Pienso en esa planta transgénica y en la operativa, la insistencia y el mandato, tan masculino siempre…, de acatar.
No me gustan los reinos de una cabeza.
No me interesan los discursos autoritarios.
No adoro a nadie.
Soy sumamente insegura y cierta dosis de permeabilidad y principios me hacen dudar de todo.
Me siento incapaz de doblegar una idea por la carnavalización de esa idea.
No traicionaría mi intuición, como no alimentaría el odio.
Lamento que mis palabras, a veces sean, tan exuberantemente ingenuas.
De algún modo, lo único que me ha salvado es el feminismo; sobre todo, el feminismo transfeminista, el feminismo antirracista, el feminismo interseccional, ecológico, mutable, que es puro fuego o pura Radio Deseo.

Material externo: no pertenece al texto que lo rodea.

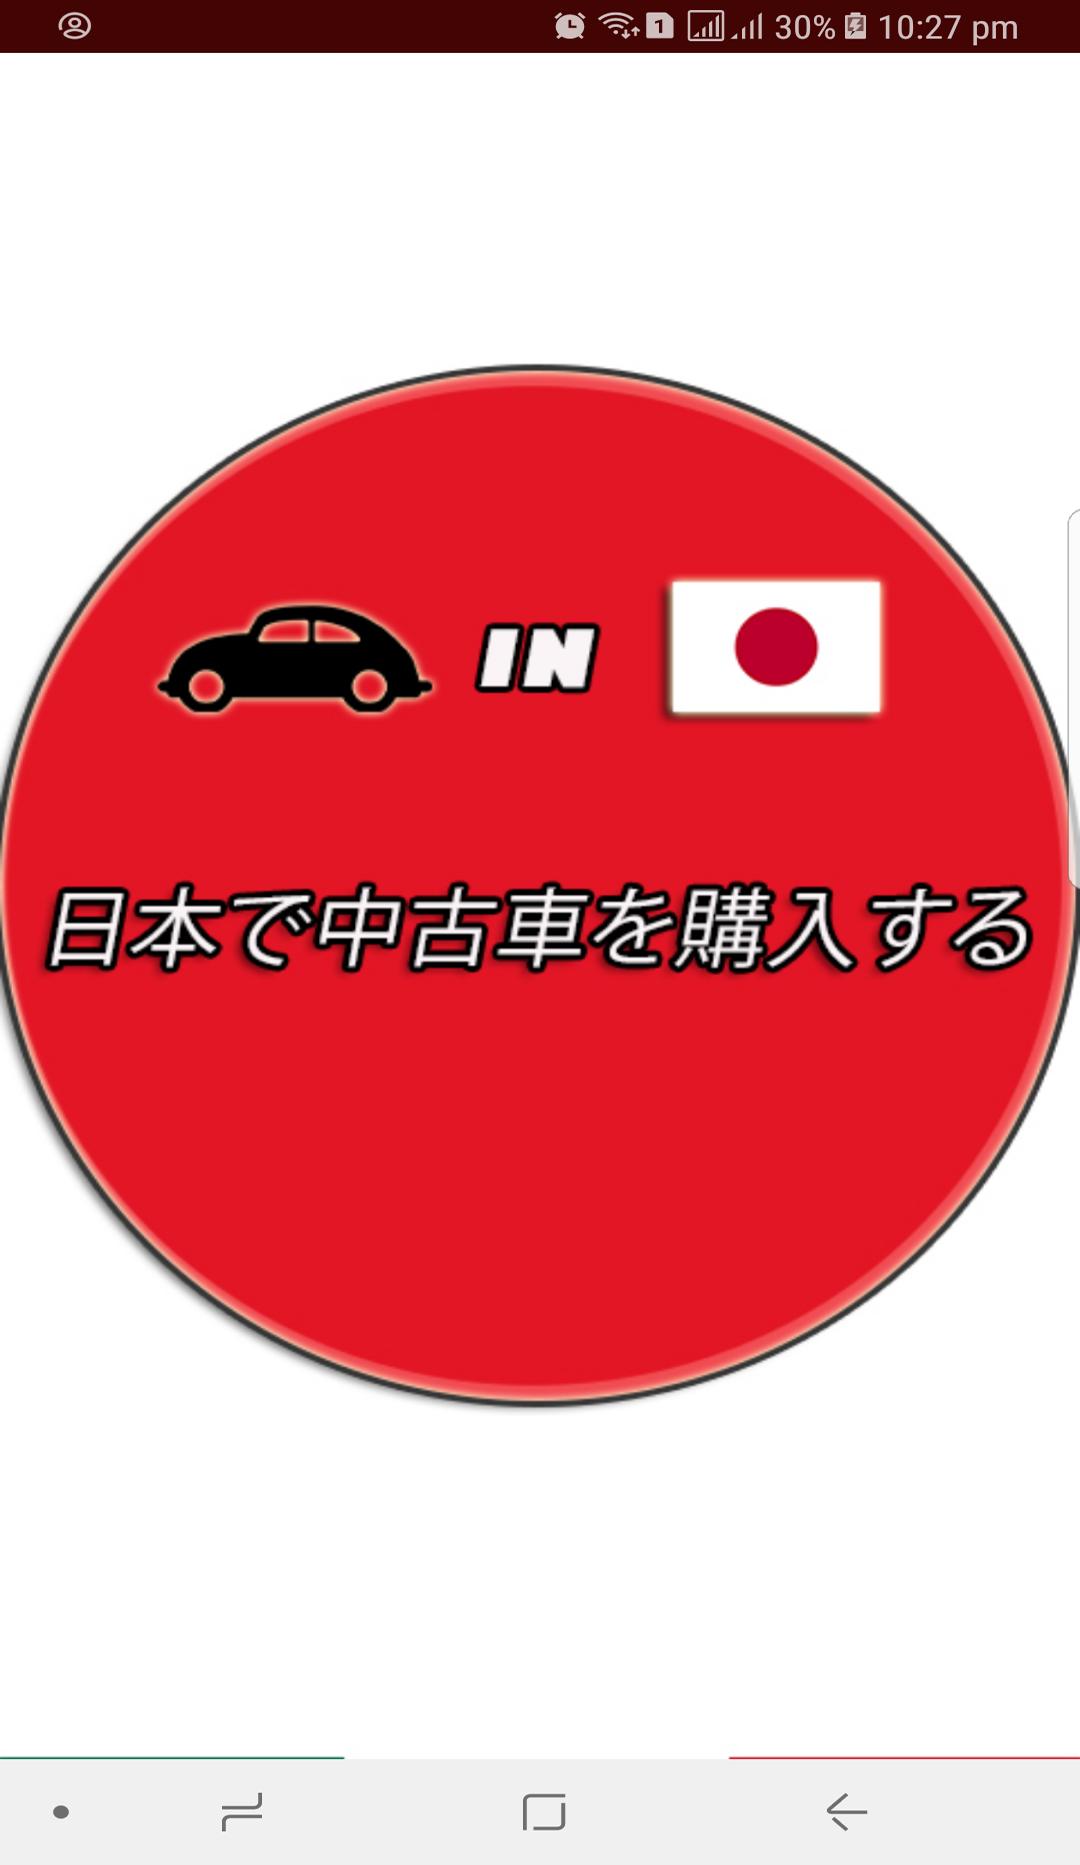 中古車ジャパン For Android Apk Download

¿Por qué? Principalmente porque no hay cabeza única, y esto no quiere decir que no haya voces, academicismos y liderazgos; es simplemente lo que es: una constante restitución del mundo que ha sido destruido y masacrado.

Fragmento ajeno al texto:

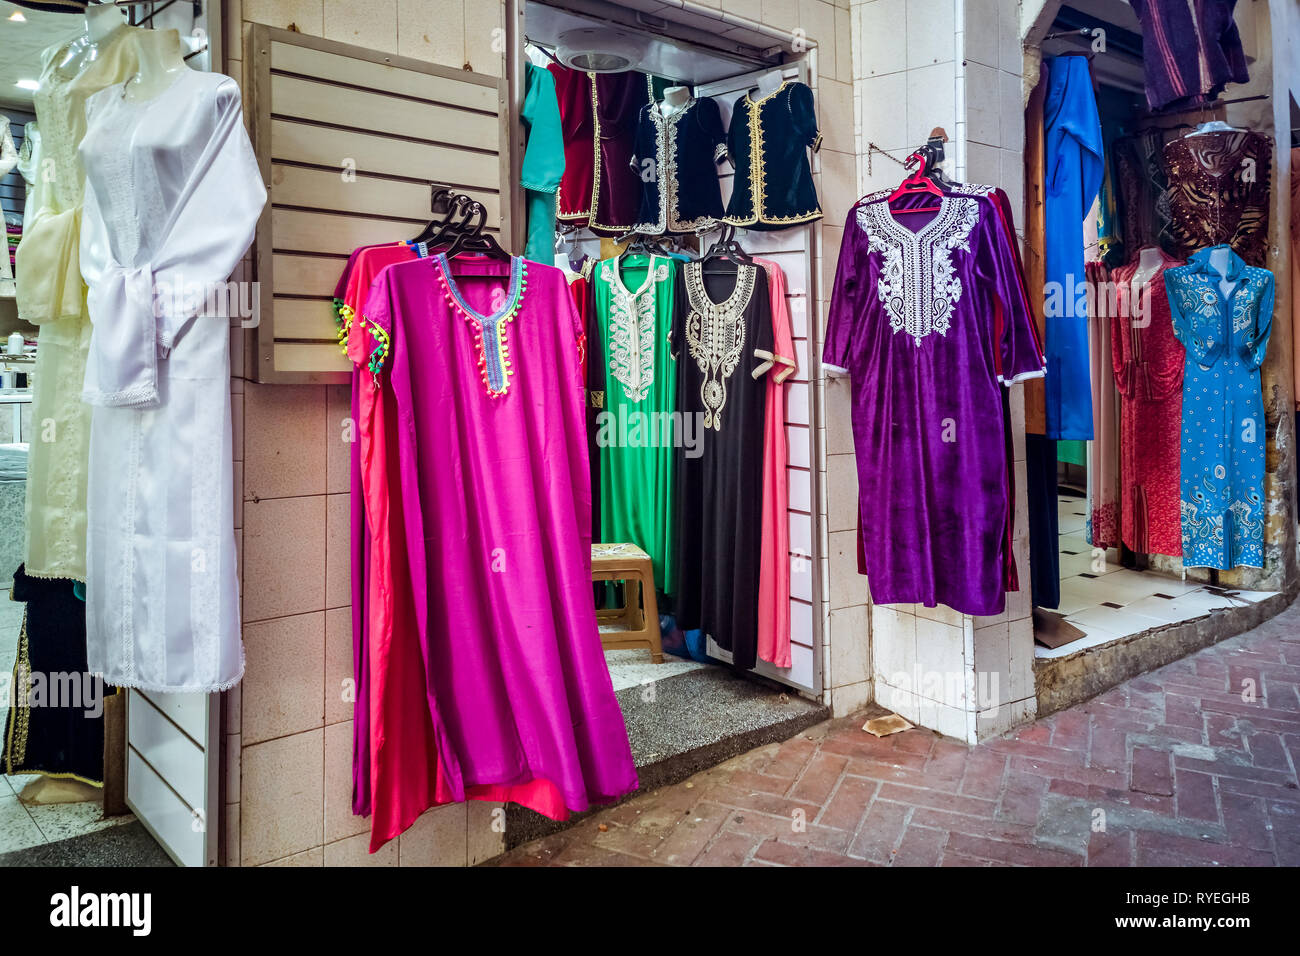 Shop marokkanische kleider in der Medina von Tanger, Marokko  Stockfotografie - Alamy

La salvación tiene que ver con que no hay una lista de imperativos o prioridades o esquivas asociaciones/confusiones. Pienso en la escucha, el acompañamiento y la restauración. El mundo en el que nos educaron, estos reinos, han sido removidos por una larga historia de mujeres con voz y lucha propias.
En los feminismos existe un continuo replanteamiento y cuestionamiento de las políticas del cuidado, existe un continuo repensar de las identidades de género, predomina el permanente deseo de desajustar cualquier diseño de cabeza única. Lo más importante: existe un ejercicio de aprendizaje sensible, que actúa como una red de apoyo.
Creo que no soy la feminista que quiero ser.
Creo que lo único que yo sé es que quiero escribir.
Creo que me falta demasiado por aprender y reinventar en mí, para acercarme a la feminista o a la escritora que puedo ser.
A veces, creo, solo aspiro a estar encerrada, creando.
Es obvio que vivimos bajo un poder heteropatriarcal. Un poder que está vinculado con colonialismos. Las feministas no tenemos que ocuparnos de esos entramados en los que los machos se dan codazos o palmaditas en los hombros. Pero el movimiento feminista, que no nació ayer en el laboratorio de una película, o en un filtro de Instagram, o en una reunión del Partido, combate a diario las formas que evidencian, en ese poder, los prejuicios, la misoginia, el machismo, la visión sexuada y domesticada, el entramado cultural e histórico que cercena y mata.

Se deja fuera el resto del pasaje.